Davison B J, Degner L F
Faculty of Nursing, University of Manitoba, Winnipeg, Canada.
Cancer Nurs. 1997 Jun;20(3):187-96. doi: 10.1097/00002820-199706000-00004.
The purpose of this study was to explore the hypothesis that assisting men with prostate cancer to obtain information would enable them to assume a more active role in treatment decision making and decrease their levels of anxiety and depression. Respondents were recruited from one community urology clinic in Winnipeg, Manitoba. Sixty newly diagnosed men were randomly assigned to receive either a self-efficacy information intervention that consisted of a written information package with discussion, a list of questions they could ask their physician, and an audiotape of the medical consultation (n = 30), or a written information package alone (n = 30). Men completed measures of preferred decisional role as the pretest; anxiety and depression before the intervention, and at 6 weeks post-intervention; and assumed decisional role at 6 weeks post-intervention. Results demonstrated that men in the intervention group assumed a significantly more active role in treatment decision making, and had lower state anxiety levels at 6 weeks. Levels of depression were similar for both groups at 6 weeks. This group of older men do want to be informed and participate in medical decisions. Further efforts are required to evaluate the efficacy of such an intervention in other community urology clinics.

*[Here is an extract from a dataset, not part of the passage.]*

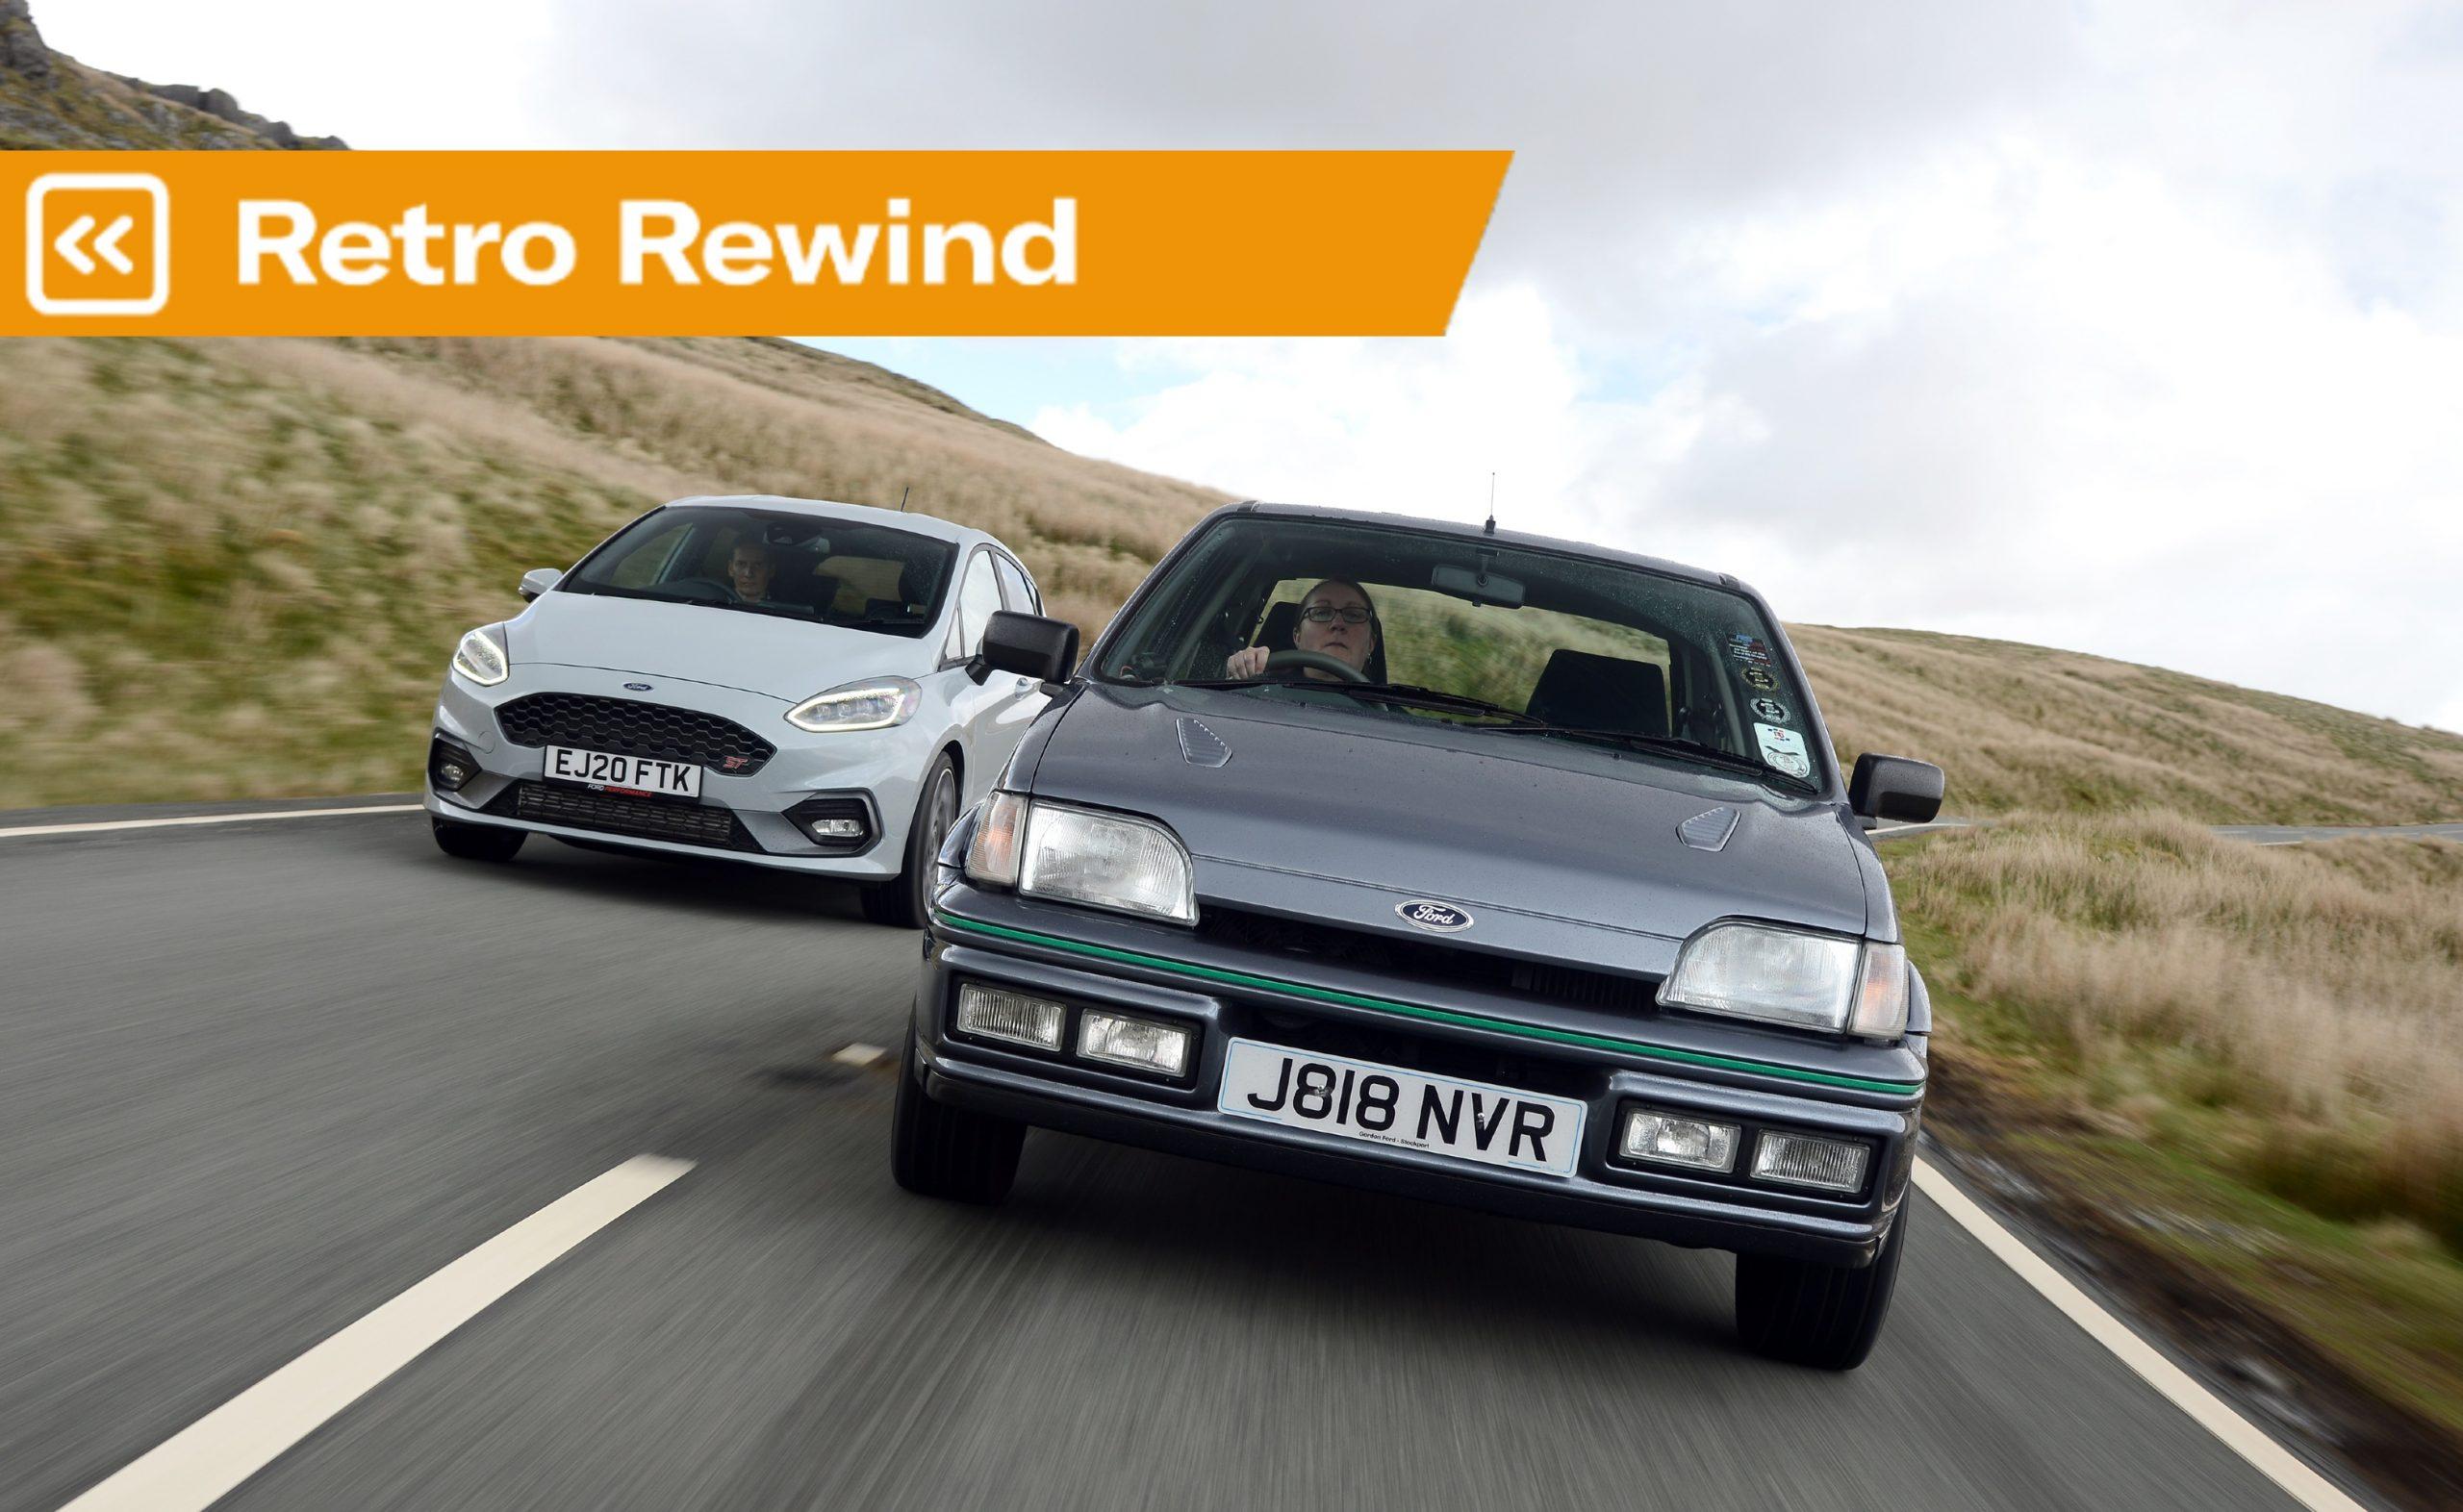 Retro Rewind: Ford Fiesta RS Turbo vs Fiesta ST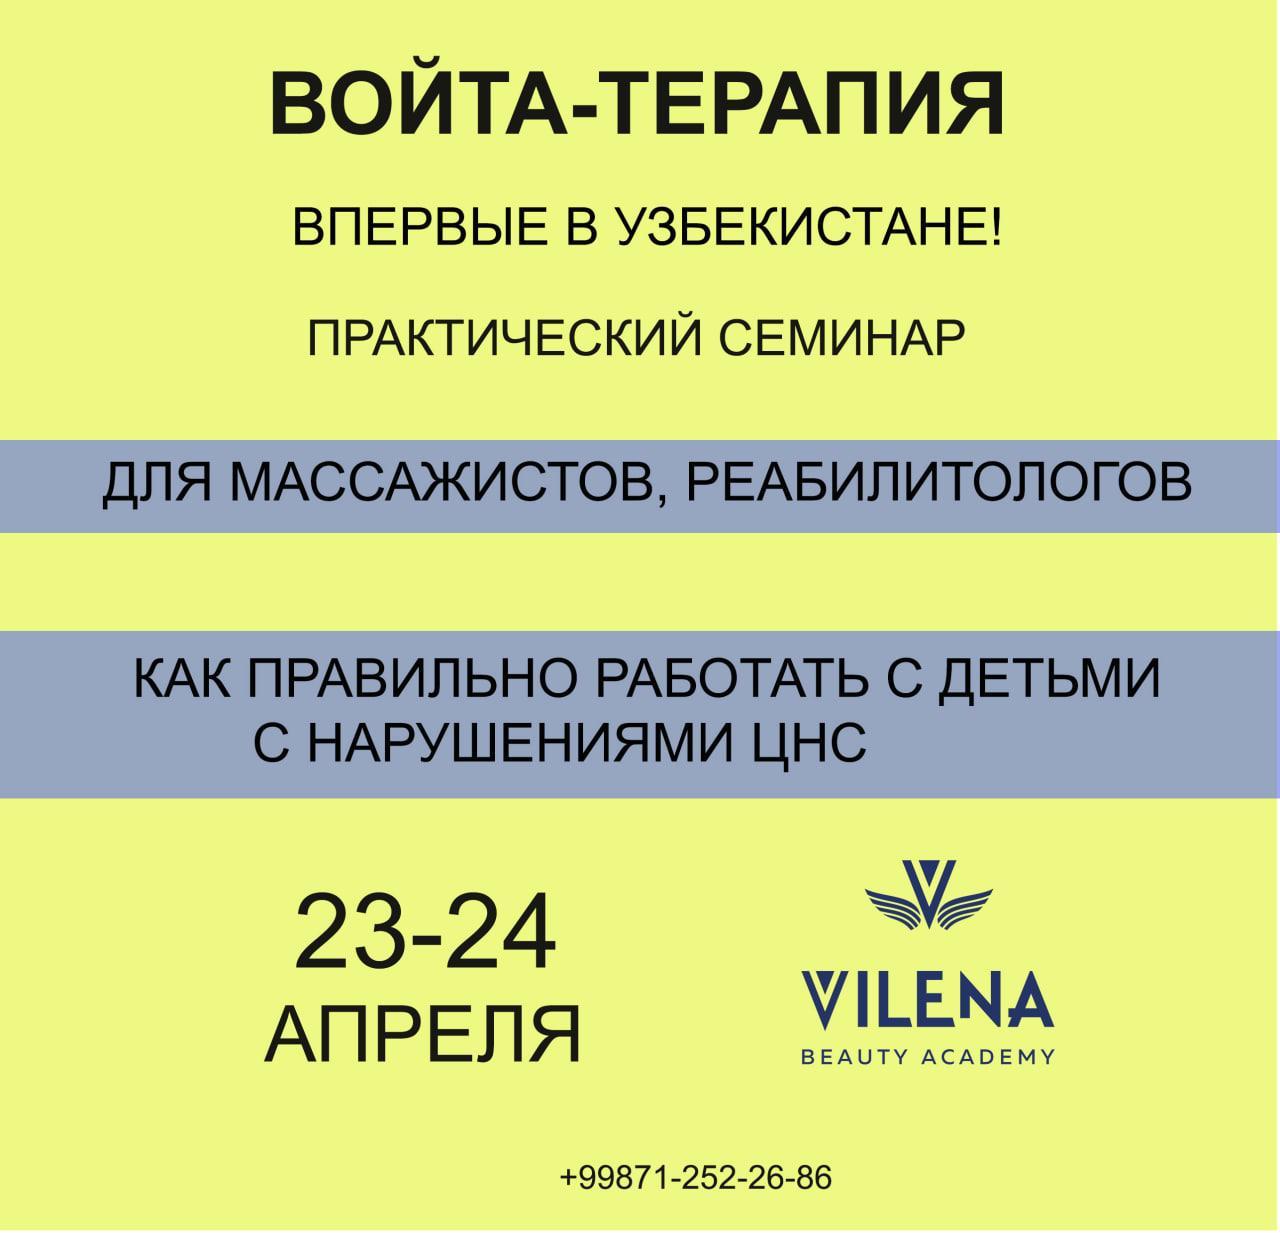 Войта-терапия, который состоится 23-24 апреля

帮助前列腺癌患者获取信息将使他们在治疗决策中发挥更积极的作用,并降低其焦虑和抑郁水平。研究对象从加拿大曼尼托巴省温尼伯市的一家社区泌尿科诊所招募。60名新确诊的男性被随机分为两组,一组接受自我效能信息干预,该干预包括一个配有讨论的书面信息包、一份可向医生提问的问题清单以及一段医疗咨询录音带(n = 30),另一组仅接受书面信息包(n = 30)。男性在干预前完成了关于偏好决策角色的测量;在干预前以及干预后6周测量焦虑和抑郁水平;并在干预后6周测量其承担的决策角色。结果表明,干预组男性在治疗决策中发挥了显著更积极的作用,且在6周时状态焦虑水平较低。两组在6周时的抑郁水平相似。这群老年男性确实希望了解信息并参与医疗决策。需要进一步努力评估这种干预在其他社区泌尿科诊所的效果。